При этом он как будто специально пережил своих врагов-немезид Ельцина, Кравчука и Шушкевича, отправивших его – мировую политическую звезду – на политическую свалку, с которой он уже не смог выбраться. Баллотируясь в президенты России в 1996-м, популярный некогда генсек набрал всего 0,51% голосов. Для бывшего главы государства это, возможно, антирекорд. Возможно даже, что он никогда побит не будет.

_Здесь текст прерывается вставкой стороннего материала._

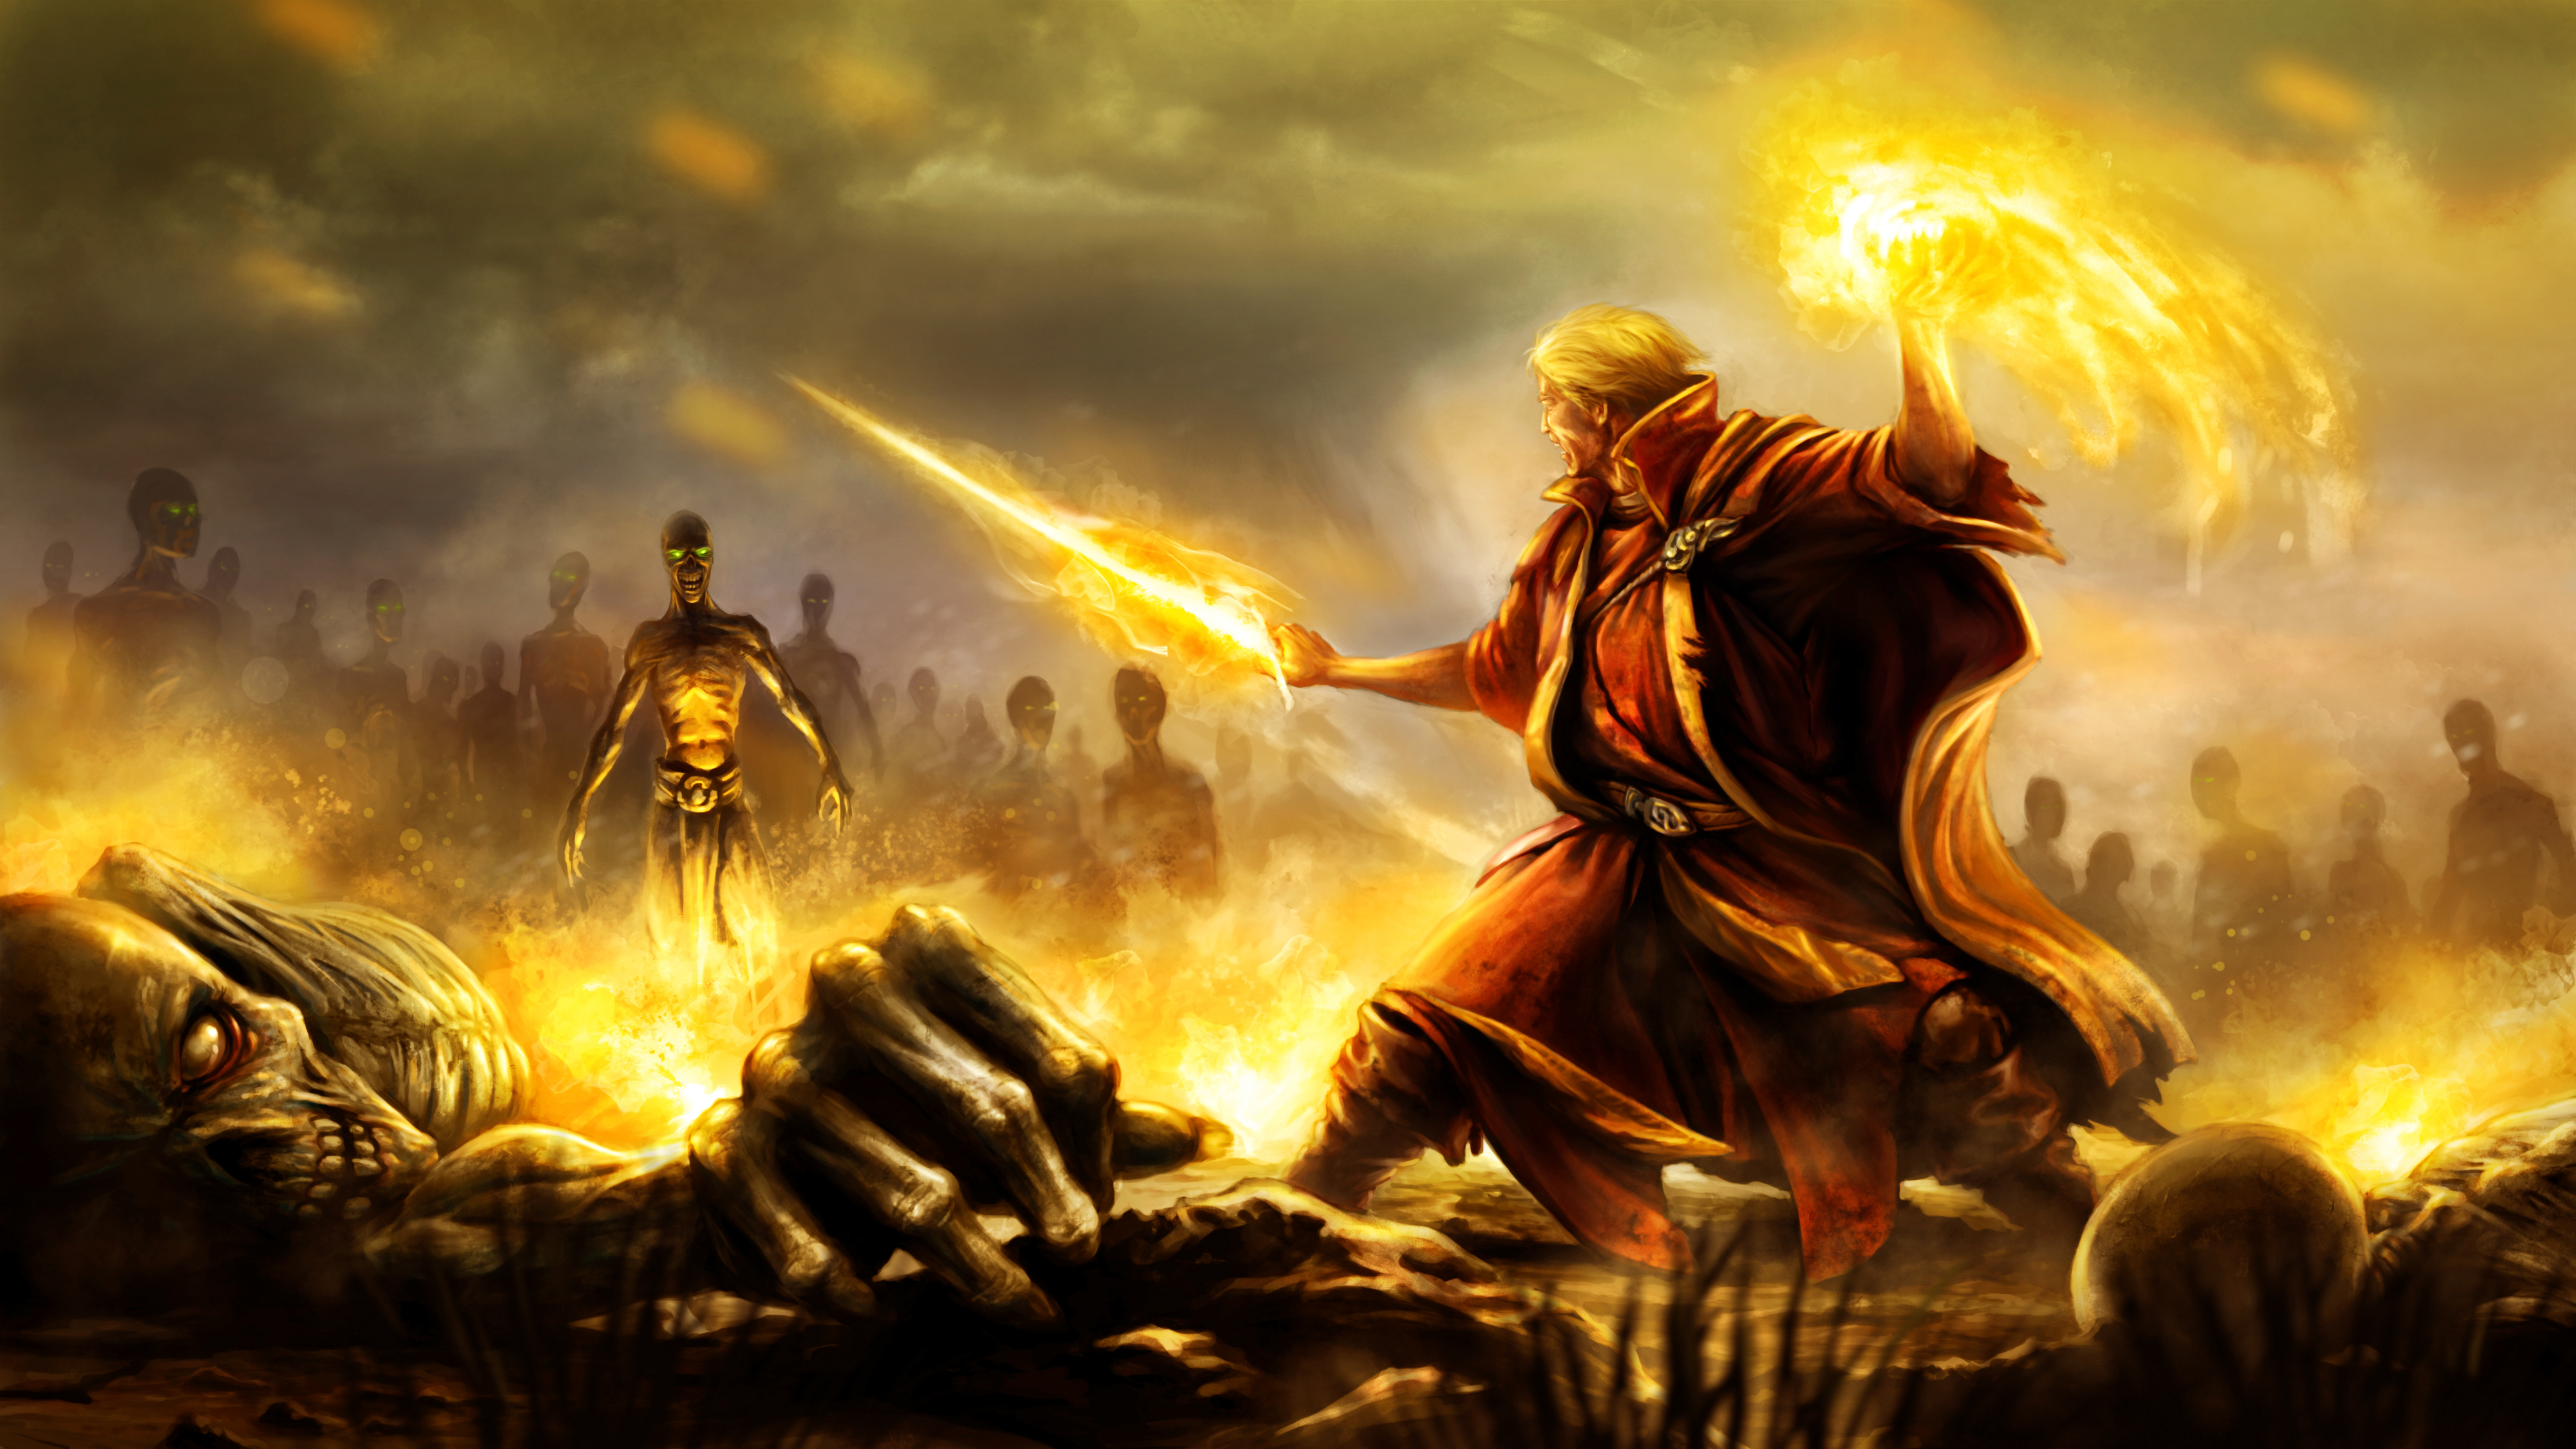 Battle Magic Man Sorcerer Sword Undead Zombie 4000x2250

В этой унизительной для масштаба фигуры цифре – одно из доказательств того, что Михаил Сергеевич Горбачев на посмертное почитание в народе рассчитывать не мог. Пока лидеры стран Запада – коллективного врага нынешней России – будут рассыпаться в соболезнованиях и комплиментах (как сделали это, например, Борис Джонсон и Кондолиза Райс), по русскую сторону границы многие станут показательно «не скорбеть», в качестве исключения отринув римскую максиму «или хорошо, или ничего».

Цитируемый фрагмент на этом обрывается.